Creates a parallel collection by splitting a text file to create at least minPartitions partitions.

Parameters

path (String) – File path.
minPartitions (Integer) – Minimal number of partitions.

Returns

A parallel collection of strings.

Return type

IDataFrame(String)

Raises

IDriverException – An error is generated if the file does not exist or cannot be read.

plainFile(path, minPartitions, delim)

Creates a parallel collection by splitting a file using a custom delimiter to create at least minPartitions partitions.

Parameters

path (String) – File path.
minPartitions (Integer) – Minimal number of partitions. :delim String delim: A one-character string.

Returns

A parallel collection of strings.

Return type

IDataFrame(String)

Raises

IDriverException – An error is generated if the file does not exist or cannot be read.

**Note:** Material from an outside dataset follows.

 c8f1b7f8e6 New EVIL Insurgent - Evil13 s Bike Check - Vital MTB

partitionObjectFile(path, src)

Creates a parallel collection from binary partition files. See IDataFrame.saveAsObjectFile()

Parameters

path (String) – File path without the .part* extension.
src (ISource) – (Optional) Auxiliary function to configure executor, its use may vary between languages. Must implement at east IBeforeFunction interface.

Returns

A parallel collection with type stored in the binary file.

Return type

Raises

IDriverException – An error is generated if any file do not exist or cannot be read.

partitionTextFile(path)

Creates a parallel collection from text partition files. See IDataFrame.saveAsTextFile()

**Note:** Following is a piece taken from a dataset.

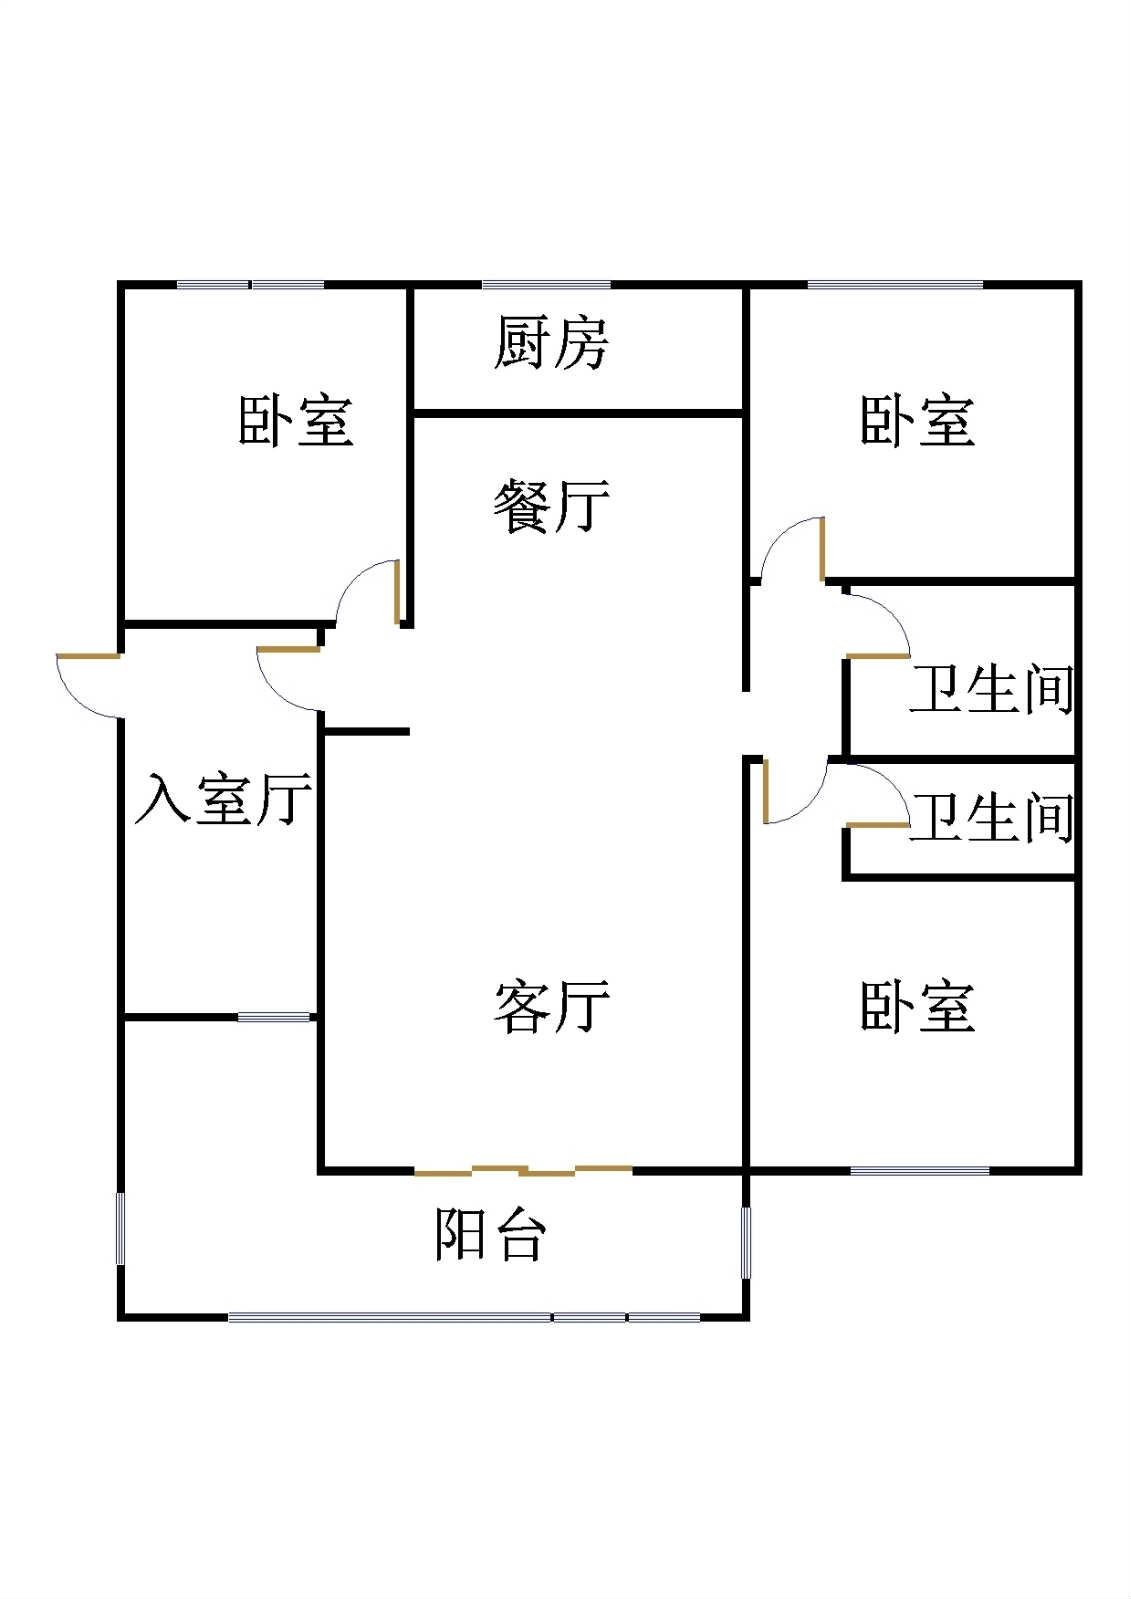 玫瑰公馆 3室2厅 7楼

Parameters: path (String) – File path without the .part* extension.
Returns: A parallel collection of strings.
Return type: IDataFrame(String)
Raises: IDriverException – An error is generated if any file do not exist or cannot be read.

partitionJsonFile(path, src, objectMapping)

Creates a parallel collection from json partition files. See IDataFrame.saveAsJsontFile()

Parameters

path (String) – File path without the .part* extension.
src (ISource) – (Optional) Auxiliary function to configure executor, its use may vary between languages. Must implement at least IBeforeFunction interface.
objectMapping (Boolean) – (Optional) If true, json objects are transformed to objects.

Returns

A parallel collection of mapped object, if objectMapping is true or otherwise a generic json type is used.

Return type

IDataFrame(Json) or IDataFrame(T)

Raises

IDriverException – An error is generated if any file do not exist or cannot be read.

loadLibrary(path)

Loads a library of functions in the executor processes. Functions may be invoked using only their name in any ISource. Library type depends on the programming language of executor.

The library can be defined in two ways:

Path to a library file. Library must be compiled if the language requires it.
Source code in plain text, executor will take care of compiling if necessary. This allows you to create functions dynamically from the driver.

Parameters: path (String) – Library path or Source code.
Raises: IDriverException – An error is generated if libreary does not exist or cannot be read.

execute(src)

Runs a function in the executors.

Parameters: src (IIVoidFunction0 or ISource) – Function to be executed.

executeTo(src)

Runs a function in the executors and generates a parallel collection.

Parameters: src (IFunction0 or ISource) – Function to be executed.
Returns: A parallel collection created with the elements returned by the function.
Return type: IDataFrame(T)

call(src, data)

Runs a function that has been previously loaded by IWorker.loadLibrary(). Values returned by the function will generate a parallel collection. Note, this function is designed to execute functions in format name, it does not allow to use the other formats.

Parameters

src (IFunction or IFunction0 or ISource) – Function name and its arguments. It must implement IFunction interface if data is supplied or IFunction0 otherwise.
data (IDataFrame(T)) – (Optional) A parallel collection of elements to be processed by the src function.

Returns

A parallel collection created with the elements returned by src function.

Return type

voidCall(src, data)

Runs a function that has been previously loaded by IWorker.loadLibrary(). Like IWorker.call() but with no return.

Parameters

src (IVoidFunction or IVoidFunction0 or ISource) – Function name and its arguments. It must implement IVoidFunction interface if data is supplied or IVoidFunction0 otherwise. Note, this function is designed to execute functions in format name, it does not allow to use the other formats.
data (IDataFrame(T)) – (Optional) A parallel collection of elements to be processed by the src function.

IDataFrame

The class IDataFrame represents a parallel collection of elements distributed among the worker executors. All functions defined within this class process the elements in a parallel and distributed way.

class IDataFrame(T)

class T: Represents the type associated with the parallel collection. Dynamic languages do not have to make it visible to the user, it is the input value type for most of the functions defined in IDataFrame.

setName(name)

Sets or changes the name associated with the IDataFrame. The new name will affect only this IDataFrame and future tasks created from it.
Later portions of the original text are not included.